Prerequisites for S3 access from the Cloud

To access NSIDC DAAC data stored in S3 buckets in the Earthdata Cloud and copy the data to an EC2 instance, the following three things are required:

  1. An AWS account. You can find more details on how to set one up here.
  2. An EC2 instance set up in your AWS account. This article outlines how to set one up.
  3. A free Earthdata Login account to access the data. If you don't have one, you can register for one here.
You must have an EC2 instance in the us-west-2 region to access the NSIDC DAAC data in the S3 buckets.

 

Next, use one of the workflows below to search for and access data in the Earthdata Cloud S3 buckets. If you prefer to use Earthdata Search follow the first workflow; if you prefer to use the command-line follow the second workflow. The workflows have been tested in an Amazon Linux EC2 instance.

Earthdata Search workflow

1. Searching for data and S3 links using Earthdata Search

1.1 Go to https://search.earthdata.nasa.gov. Make sure you are logged in with your Earthdata Login credentials. 

1.2 Select the ‘Available from AWS Cloud’ filter in the side bar (step 1 in screenshot below). To narrow down to NSIDC DAAC data products, type ‘NSIDC’ in the search box in the top left corner (step 2 in the screenshot below). This will list all the NSIDC DAAC data products that are currently available in the Earthdata Cloud. You can apply spatial, temporal or keyword filters to narrow down the list if you wish.

Earthdata Search web application with filter for NSIDC DAAC cloud data sets
Screenshot of Earthdata Search web application with a filter for NSIDC DAAC data sets that are available in Earthdata Cloud. — Credit: National Snow and Ice Data Center

1.3 Once you have selected a data product, again apply spatial and/or temporal filters until you have the required granules. Click the ‘Download All’ button (step 1 in screenshot) and in the sidebar that appears select ‘Direct Download’ (step 2 in screenshot). Then click the ‘Download Data’ button (step 3 in screenshot).

Earthdata Search web application workflow to obtain S3 links to data in the Earthdata Cloud
Three-step workflow in Earthdata Search to obtain the S3 links for the selected data in the Earthdata Cloud. — Credit: National Snow and Ice Data Center

1.4 In the Download Status window you will see an option for ‘AWS S3 Access’. Select this (step 1 in screenshot), and a list of the S3 links for your data will appear. You need these links to access the data; you can copy these links or save them as a text file using the ‘Copy’ or ‘Save’ options (step two in the screenshot). You can also copy individual links by hovering over them and selecting the copy button (step 3 in the screenshot).  Keep this window open as you will need it for the next step.

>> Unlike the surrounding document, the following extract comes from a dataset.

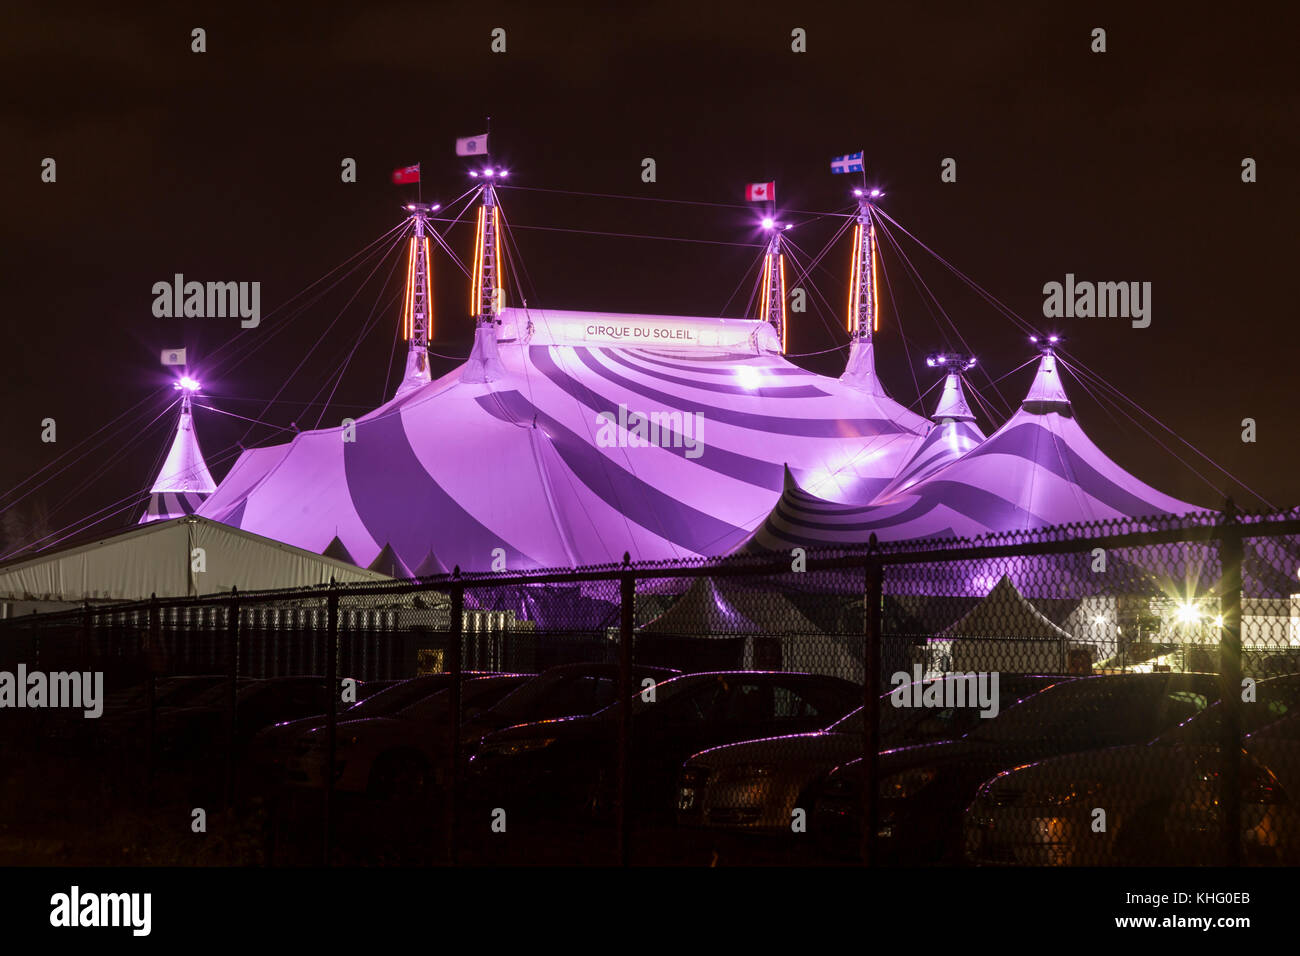 Toronto, Canada - Oct 13, 2017: Cirque du Soleil circus tent big top illuminated at night. Toronto, Province of Ontario, Canada Stock Photo
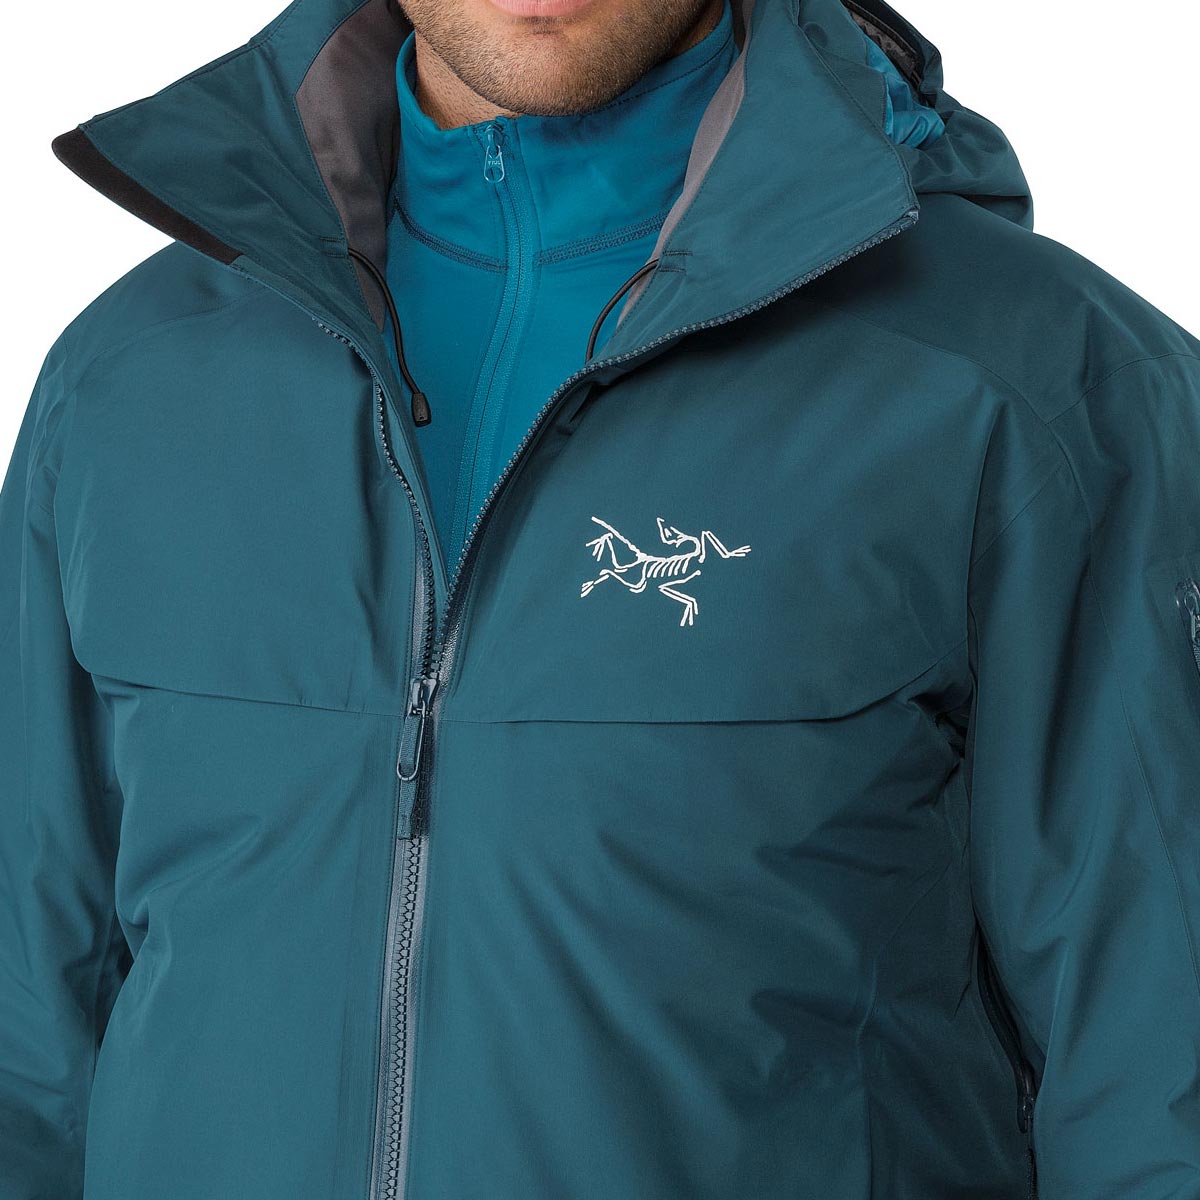 Arc'teryx Macai Jacket, men's, discontinued Fall 2016 colors (free

Download Status page in Earthdata search that lists S3 links and link to AWS S3 credentials
Download Status page in Earthdata Search that lists the S3 links and provides a link for getting AWS S3 credentials. — Credit: National Snow and Ice Data Center

2. Getting temporary AWS S3 credentials from Earthdata Search 

2.1 To access the data in the Earthdata Cloud S3 buckets you need temporary AWS S3 credentials; “accessKeyId”, “secretAccessKey”, and “sessionToken”. In the Download Status window from the previous section there is a ‘Get AWS S3 Credentials’ link (step 4 in the screenshot above). Click on this link and a new page will open that will have all three credentials. Keep this page open as it is needed for the next step.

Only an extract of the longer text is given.